After four decades of conflict against the Turkish state, the Kurdistan Workers’ Party (known as the PKK) is laying down its arms and disbanding - a move that could end one of the world's longest insurgencies. Turkey’s President Recep Tayyip Erdoğan is triumphant. He said: “With terror and violence being completely disengaged, the doors of a new era in every area, namely strengthening politics and democratic capacity, will be opened.”
The announcement from the PKK was months in the making. In February, after holding talks with a far-right nationalist party allied to Erdoğan, the PKK’s leader, Abdullah Öcalan, ordered the group to dissolve. He said steps taken by Turkey's government to improve Kurdish rights meant its struggle was no longer necessary. The call came from a prison cell on an island in the Sea of Marmara, where Öcalan has languished since Turkish agents snatched him on a plane at Nairobi’s airport in 1999. Öcalan is the iconic leader of the Kurds, many of whom see him as the embodiment of their struggle and refer to him as “uncle”. To the Turks, he is the “chief terrorist” and known as “baby killer” for his bloody tactics.
Days after Öcalan's statement, the PKK declared a ceasefire. This week the group announced it would dissolve, claiming its activities had successfully brought "the Kurdish issue to a point where it can be resolved through democratic politics". A PKK official said its activities would end “immediately”.

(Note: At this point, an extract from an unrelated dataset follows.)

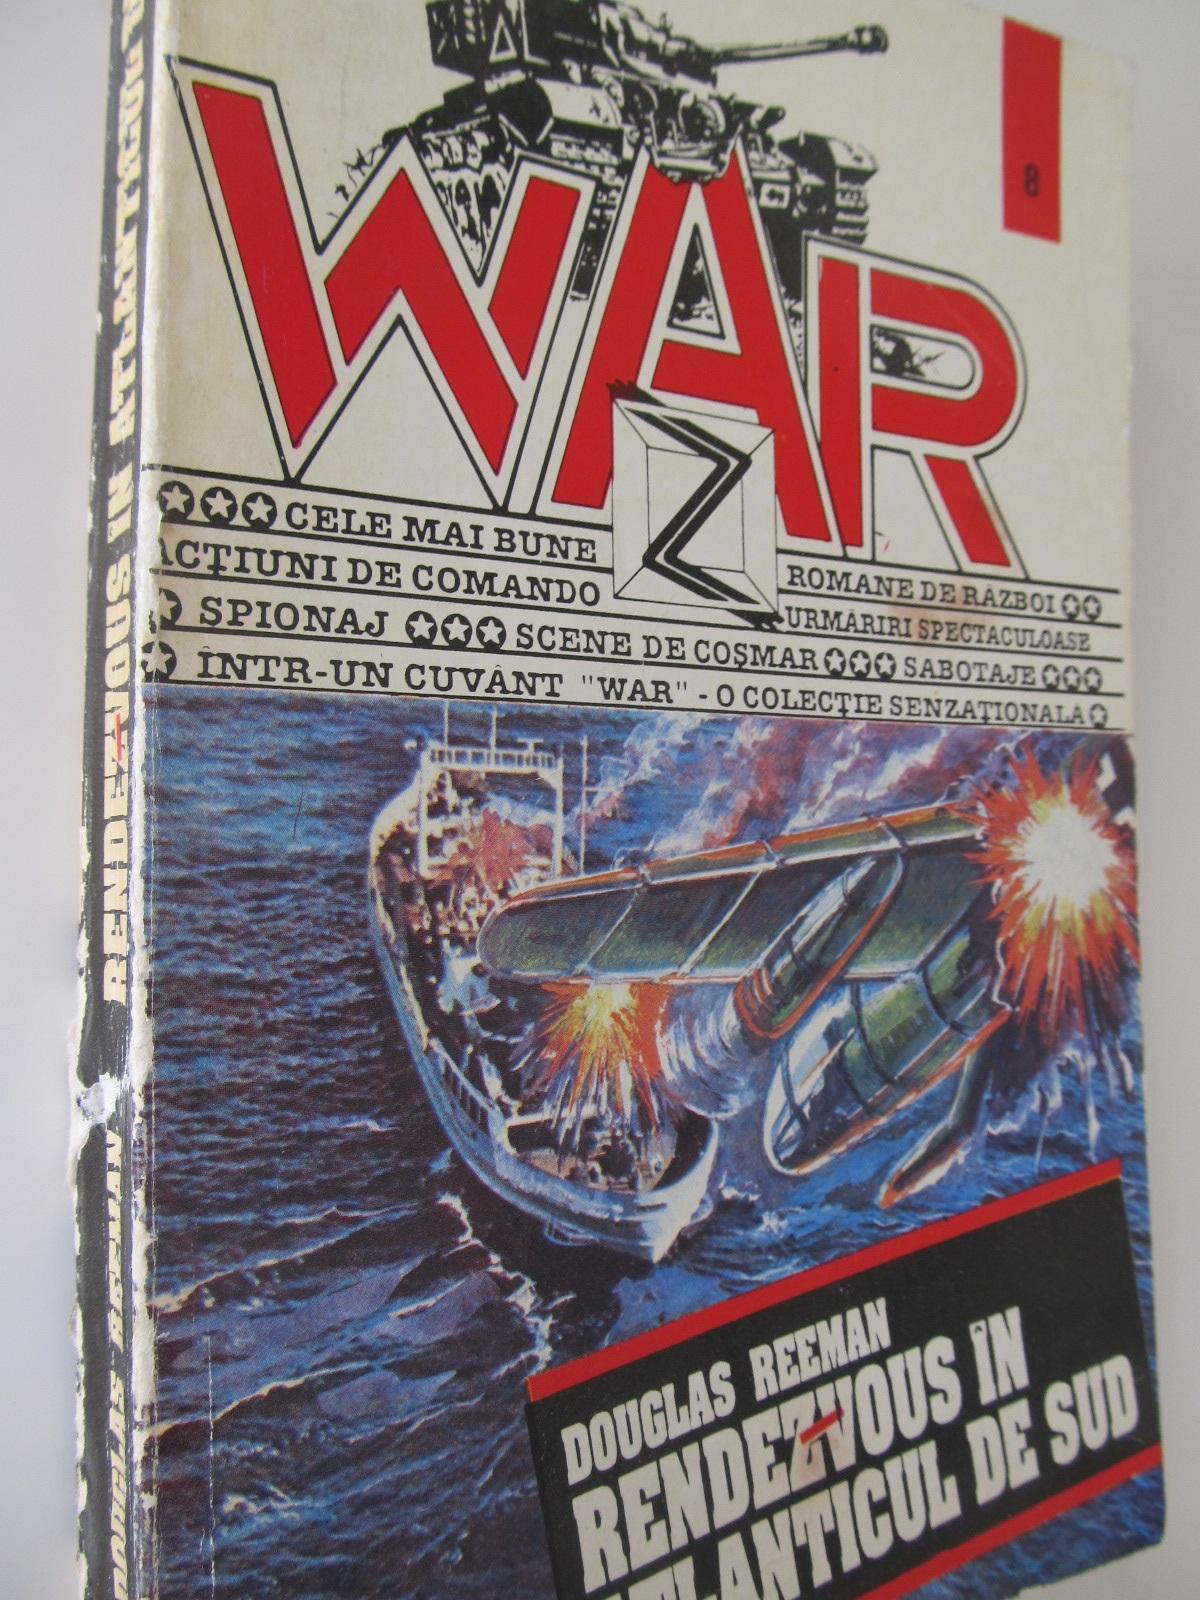 Randezvous in atlanticul de sud - Douglas Reeman | Detalii carte

Numbering roughly 40 million, the Kurds are scattered across Turkey, Iran, Iraq and Syria. They have never had a country of their own, losing out when the UK and France carved up the Ottoman Empire in the wake of the First World War. The PKK started life as a Marxist-Leninist separatist group in 1978, founded by a group of university students intent on winning independence. They chose Öcalan, a political science student, as their leader.

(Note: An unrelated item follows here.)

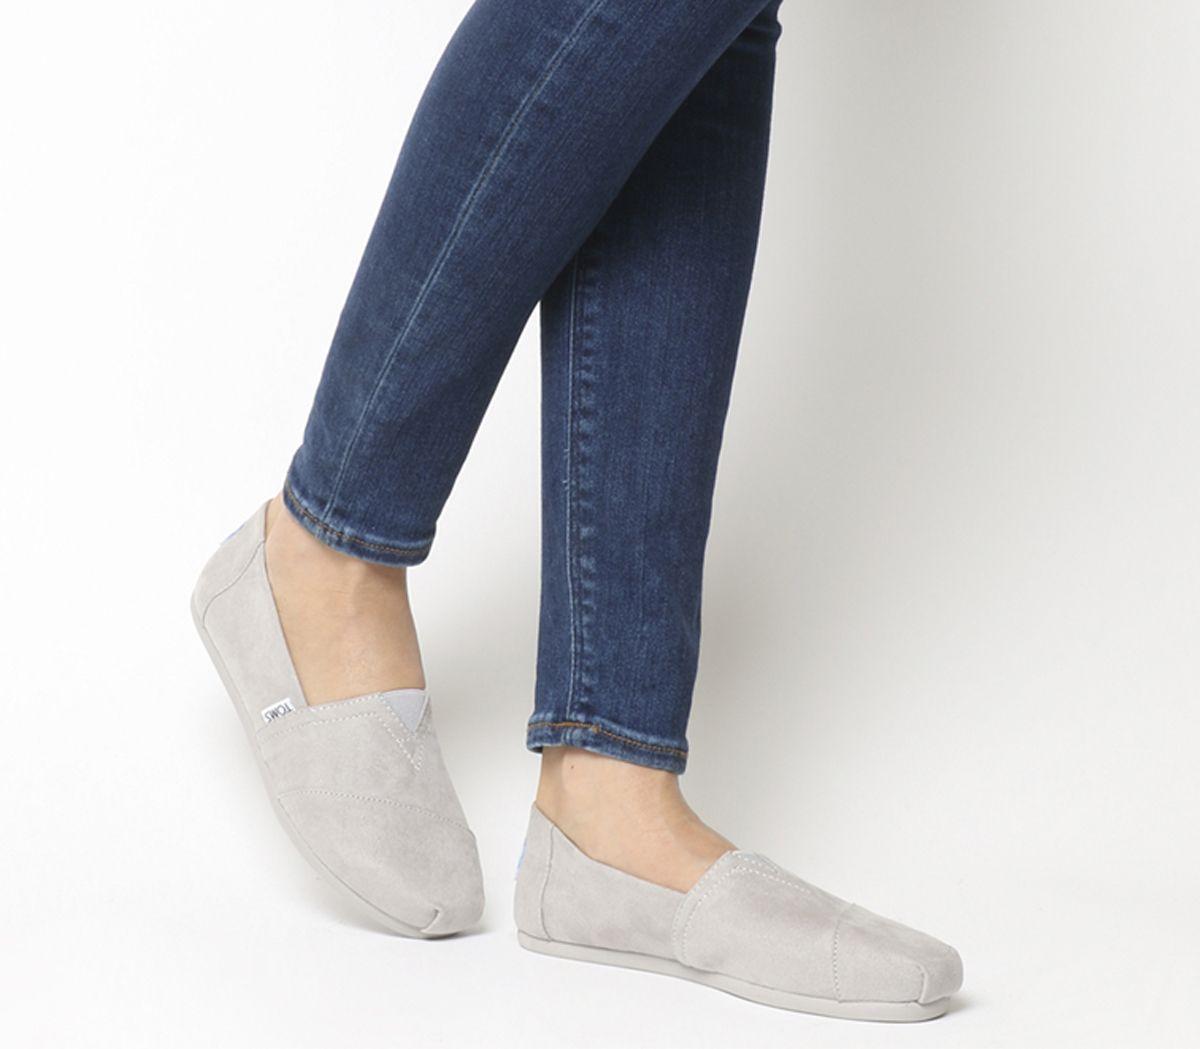 Womens-Toms-Seasonal-Classic-Slip-On-Drizzle-Grey-Flats thumbnail 3

After a coup in Turkey in 1980, they fled to Syria and later set up bases in Lebanon. In 1984, the group started launching attacks against Turkish forces. Over the subsequent years, it formed links with Kurds fighting Saddam Hussein in Iraq, eventually forming a nebulous network of affiliates across the region. By the 1990s, however, it shifted its focus from separatism to securing more rights and autonomy for Kurds within Turkey, where they make up about one-fifth of the 85 million population.
The conflict with the PKK brought Turkey close to civil war and killed more than 40,000 people. The PKK attacked military targets but also carried out a deadly bombing campaign, badly affecting Turkey’s tourism industry and earning the group terror designations from the UK, EU and US. Turkey responded with a violent counterinsurgency campaign. Its forces torched thousands of Kurdish villages suspected of harbouring PKK militants, part of a “depopulation” campaign that displaced hundreds of thousands of people.
In the 2000s, Turkey softened its approach as part of accession talks with the EU. Kurdish parents were able to give their children Kurdish names, and TV stations were allowed to broadcast in the language. But it is still not widely used in schools. A peace process launched in 2012 brought hopes of peace, but it broke down in 2015, sparking one of the conflict’s deadliest chapters.
The rise of Islamic State in Syria and Iraq helped fuel the renewed violence. In northern Syria, the mostly Kurdish Syrian Democratic Forces (SDF), backed by the US, helped defeat the jihadists and seized a large chunk of territory. This attracted airstrikes from Turkey, an American Nato ally, which sees the SDF as an extension of the PKK. Turkish jets also hit Kurdish forces in northern Iraq.
In March, the SDF agreed to integrate its units into Syria’s military after a coalition of formerly Islamist groups toppled Bashar al-Assad in December. This represents another big win for Erdoğan. Back in Turkey, few details of the agreement with the PKK have been made public. It is uncertain whether the PKK’s affiliates in Syria, Iraq and elsewhere will come down from their mountain hideouts and disband. Nor is it clear if the PKK has extracted concessions from Erdoğan on improved Kurdish rights within Turkey. PKK members have expressed hope that their leader, Öcalan, will finally be released, but Turkish officials have made no guarantees on that front either.
As a result, observers are cautious. But if both sides manage to make peace stick, the benefits will be huge. In addition to ending decades of violence and instability in Turkey, it could help stabilise Syria’s new government as it tries to build a state from the ashes of Assad’s regime.